Clearly, the more in-house cyber security expertise investors have, the better; whether to conduct aspects of due diligence internally or liaise with external partners from a more informed position. More teams are increasingly adding this skillset to bolster their deal-making. We have also seen examples of more technical deal teams (for example those focussing on enterprise software deals or indeed cyber security) aiding colleagues with less cyber experience on specific transactions.
Consider verifying information with testing of controls
Key to most cyber due diligence efforts will be asking the target company a series of questions about the state of their cyber security.
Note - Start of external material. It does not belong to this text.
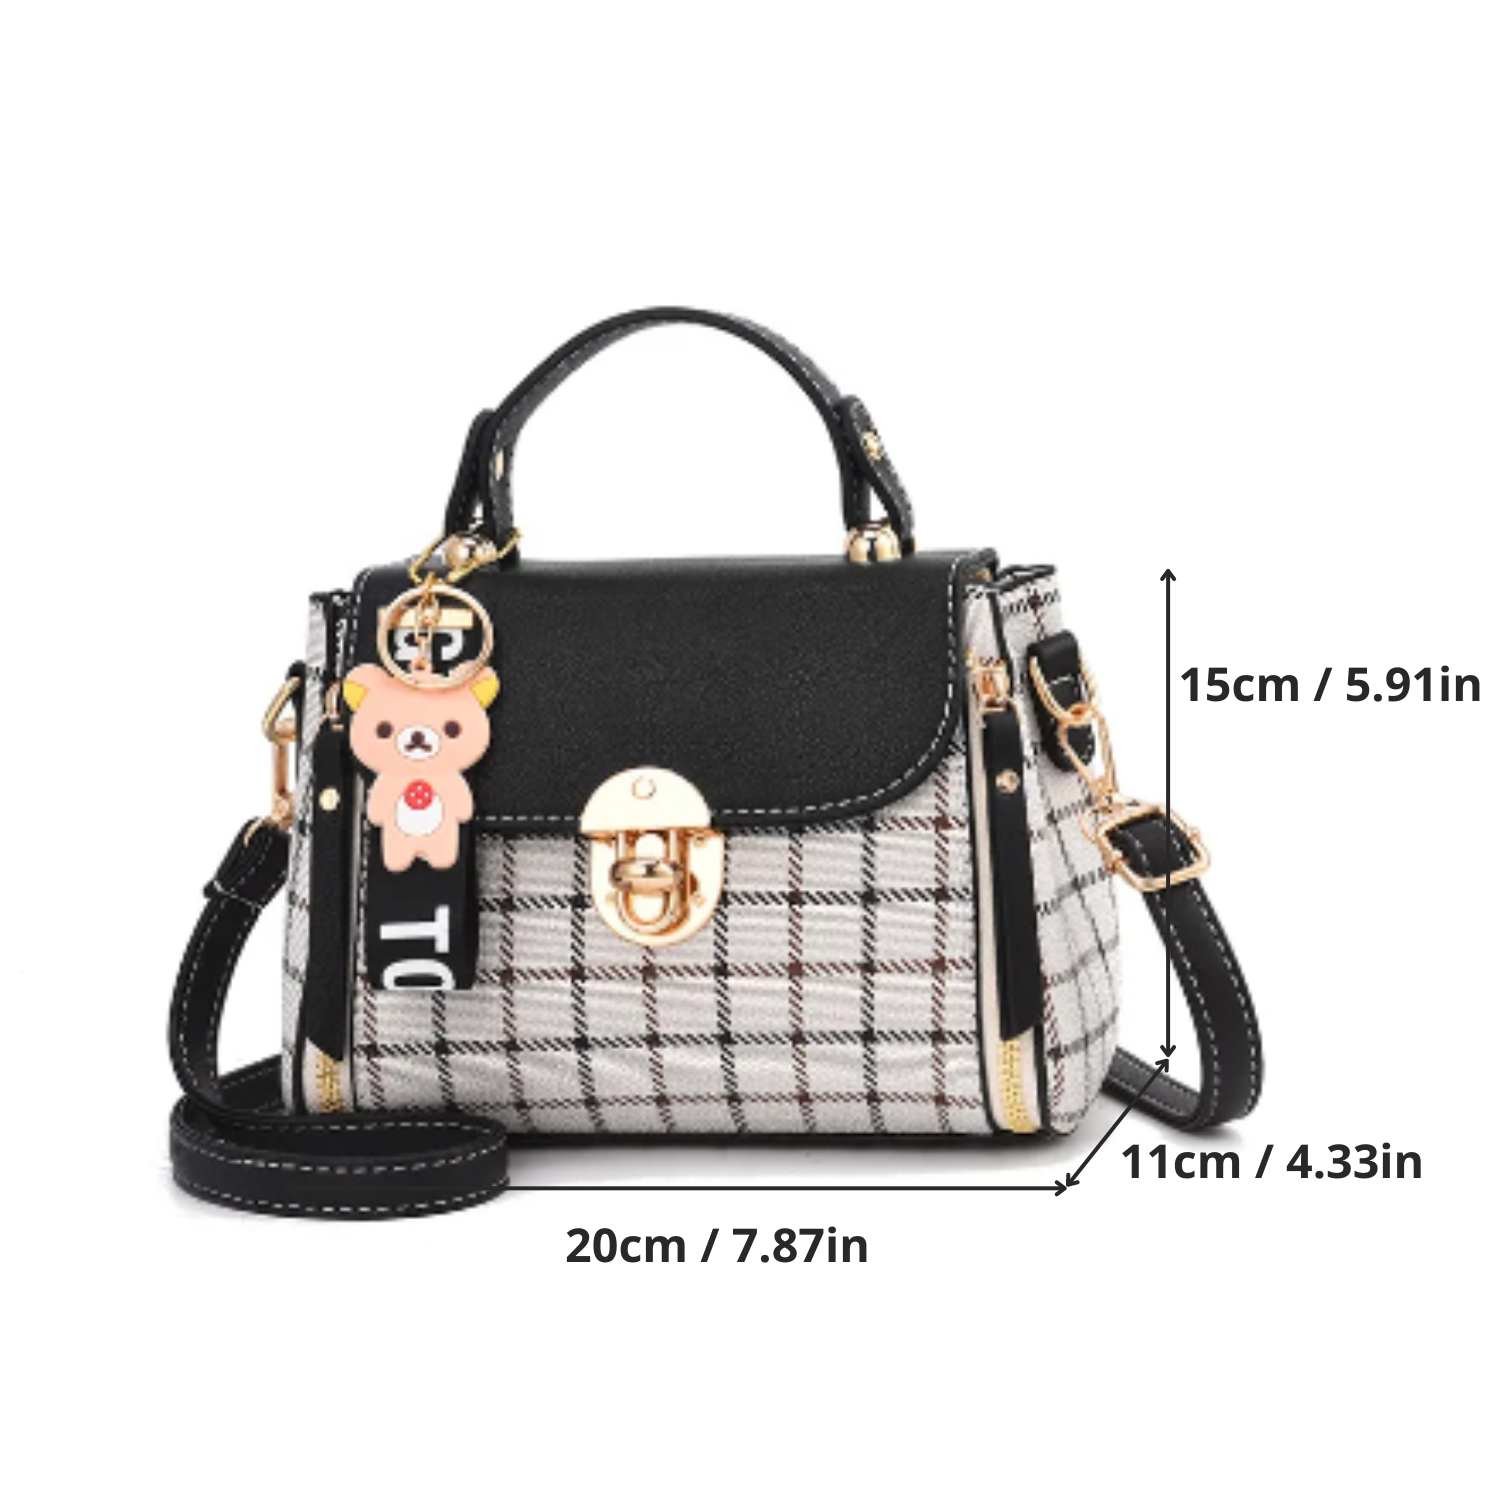 Chic Plaid Pattern Handbag with Charm Accents

Whilst this can be a definitive exercise either way – with respondents demonstrating exemplary best practice or a heap of red flags – it relies on trusting the word of the respondent, and in our experience it can still lead to grey areas where answers are incomplete or unsatisfactory.
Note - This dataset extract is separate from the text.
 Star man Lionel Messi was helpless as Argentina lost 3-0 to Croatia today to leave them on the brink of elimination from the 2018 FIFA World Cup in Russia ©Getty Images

In these circumstances, incorporating some cyber security testing into due diligence can be very useful to verify this information – particularly in critical areas. For example, in a recent diligence on a software company whose business depended on a web application, we conducted a penetration test on that application which identified several vulnerabilities which hadn’t been revealed in discussions with their security team. This didn’t prevent the transaction from proceeding. On the contrary, it gave the deal team clarity over important steps to take post-transaction, and we continue to work with that team and their new portfolio company on a roadmap for improvements.
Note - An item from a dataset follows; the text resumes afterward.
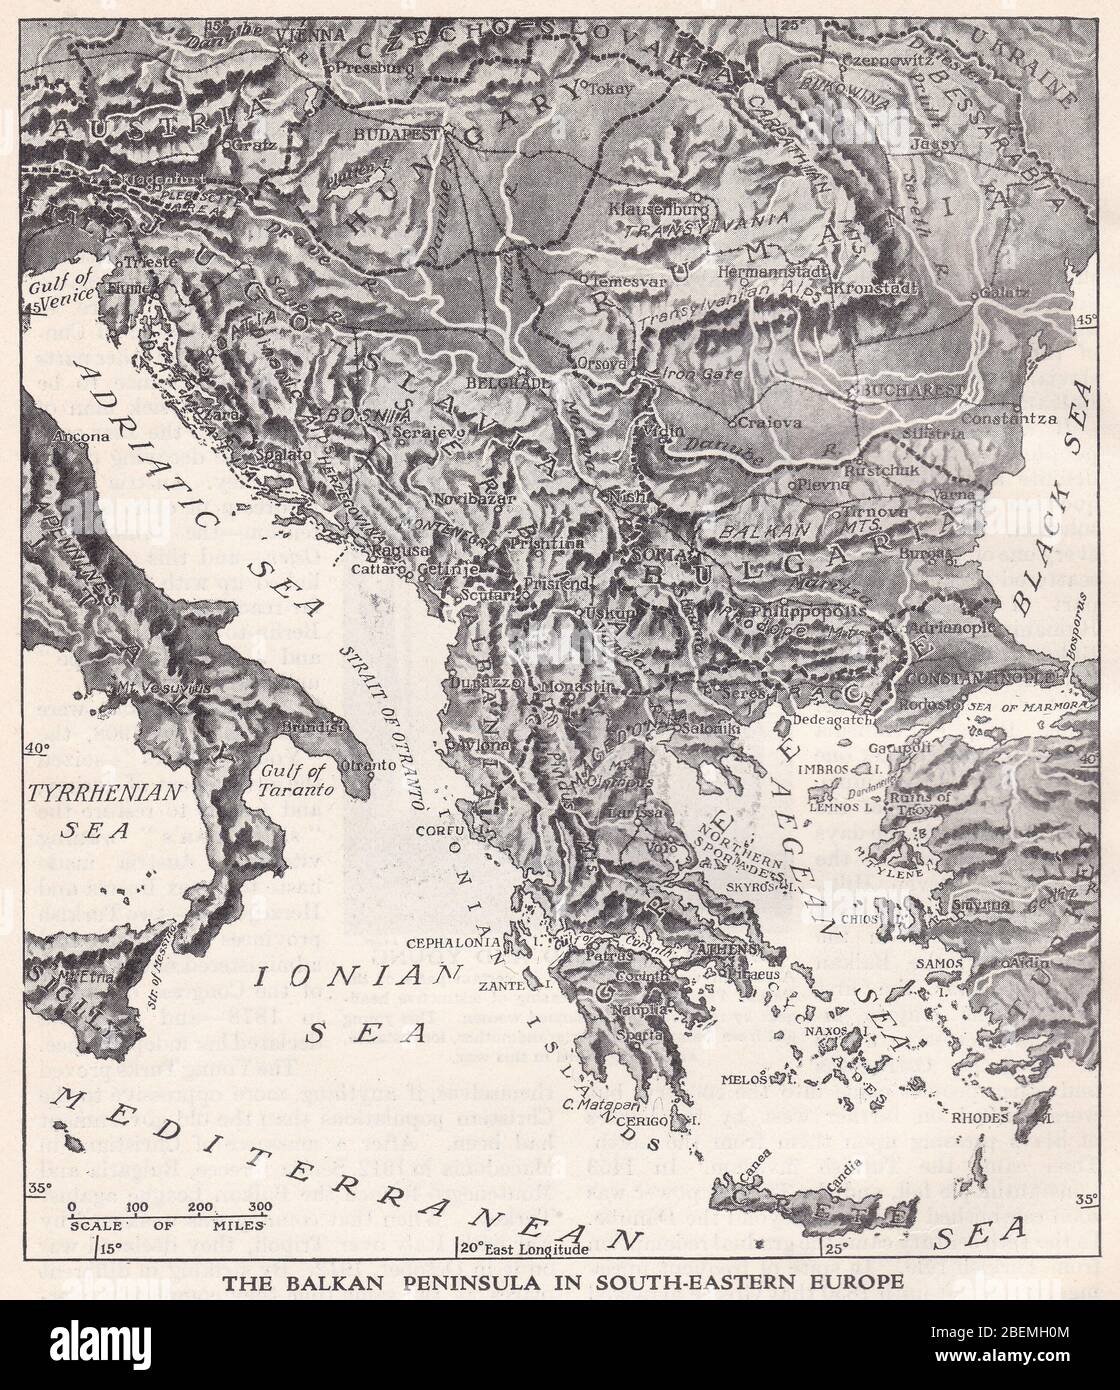 Vintage 1930s map of The Balkan Peninsula in South-Eastern Europe. Stock Photo

This type of exercise will increase the cost and timeframe of the diligence; however, in certain circumstances, it may be warranted to provide the necessary clarity on a target’s security for a deal to proceed.
Determine relevant metrics to inform decisions
Given the complexities associated with assessing cyber risk, it is important that due diligence provides a deal team with actionable assessments on which to base investment decisions. Often the most useful information comes in the form of risk ratings relative to peers in the target company’s sector, or measurements of the potential cost of a breach or of remediating critical vulnerabilities. Investors may also want to ensure that the target is assessed against a recognised body of controls like the CIS Top 20 or aligned to a framework such as the National Institute of Standards and Technology Cybersecurity Framework.
In this regard, it is important to establish early which metrics are going to be relevant to decision-making so the diligence process can be designed to capture the pertinent information.
It is important that cyber due diligence provides a deal team with actionable assessments on which to base investment decisions.
Reports should be clear about risks, costs, and timeframes
Even high-quality cyber security due diligence can be undermined when the its output – report outlining findings and recommendations – is not targeted properly. Achieving this means translating technical and administrative controls into cyber risks and projects, which can in turn be easily digested, and therefore actioned, by deal teams.
This translation is most successful when risks are presented with an explanation of how they contribute to the overall risk level of the target, as well as how much cost they would drive during a potential incident. Furthermore, proposed projects to address these risks should be presented alongside cost estimates for completion, the likely timeframe and level of effort involved, and what degree the target’s overall risk can be reduced by completing them. By framing reports in this fashion, the cyber due diligence findings will fit intuitively into the deal team’s decision-making and valuation process. Deal teams will be able to weigh risk reduction against the cost and time for completion, resulting in a prioritised roadmap based on a coherent methodology.